Exercise goal
Take the lines below from the one with "Phuket Shopping, Central" through the one with "BabyPonytail_Rose Battle_Model Photo_OP" and print only them, exactly. Don't print the pictures.

Excerpted records
'''
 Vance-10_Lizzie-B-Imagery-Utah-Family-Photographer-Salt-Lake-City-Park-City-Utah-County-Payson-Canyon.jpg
'''
'''
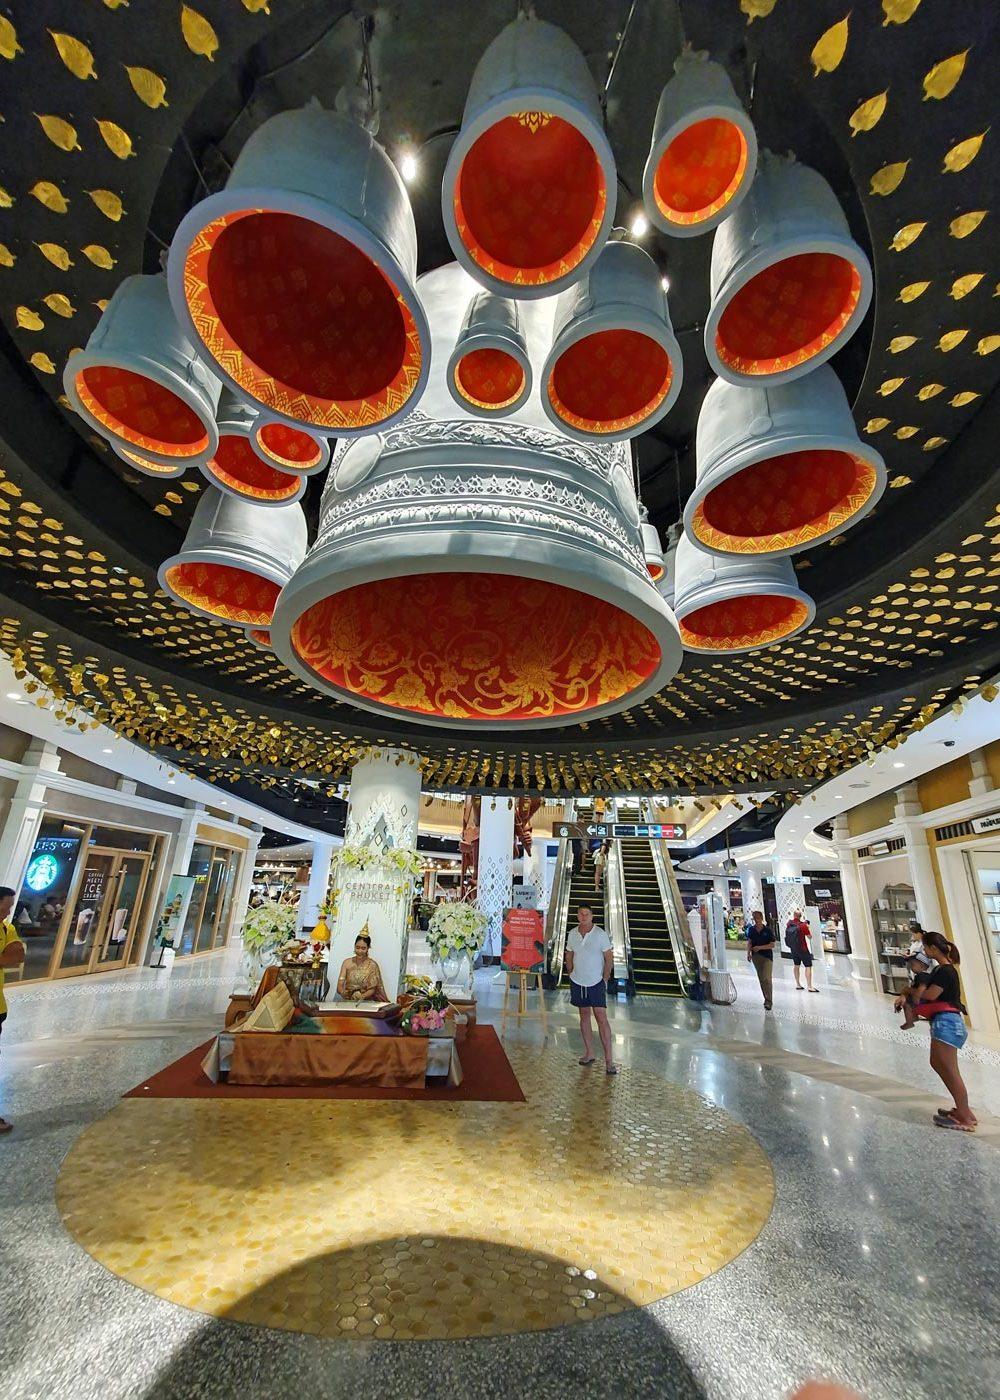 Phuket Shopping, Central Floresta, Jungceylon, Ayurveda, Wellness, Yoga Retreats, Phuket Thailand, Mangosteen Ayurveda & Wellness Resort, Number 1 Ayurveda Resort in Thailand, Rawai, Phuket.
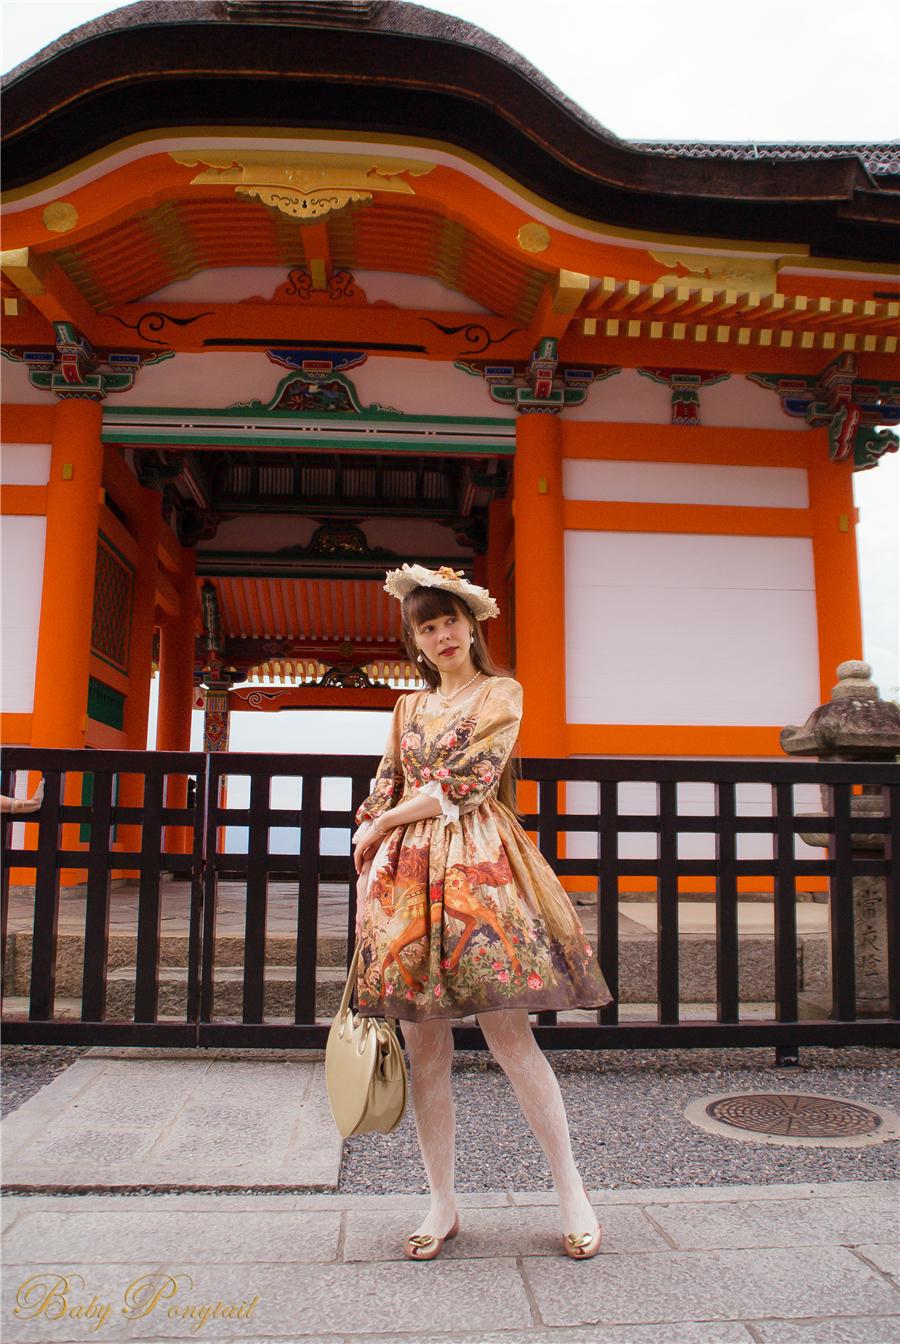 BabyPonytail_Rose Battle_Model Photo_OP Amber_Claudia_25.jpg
'''
Result of the task
 Phuket Shopping, Central Floresta, Jungceylon, Ayurveda, Wellness, Yoga Retreats, Phuket Thailand, Mangosteen Ayurveda & Wellness Resort, Number 1 Ayurveda Resort in Thailand, Rawai, Phuket.
 BabyPonytail_Rose Battle_Model Photo_OP Amber_Claudia_25.jpg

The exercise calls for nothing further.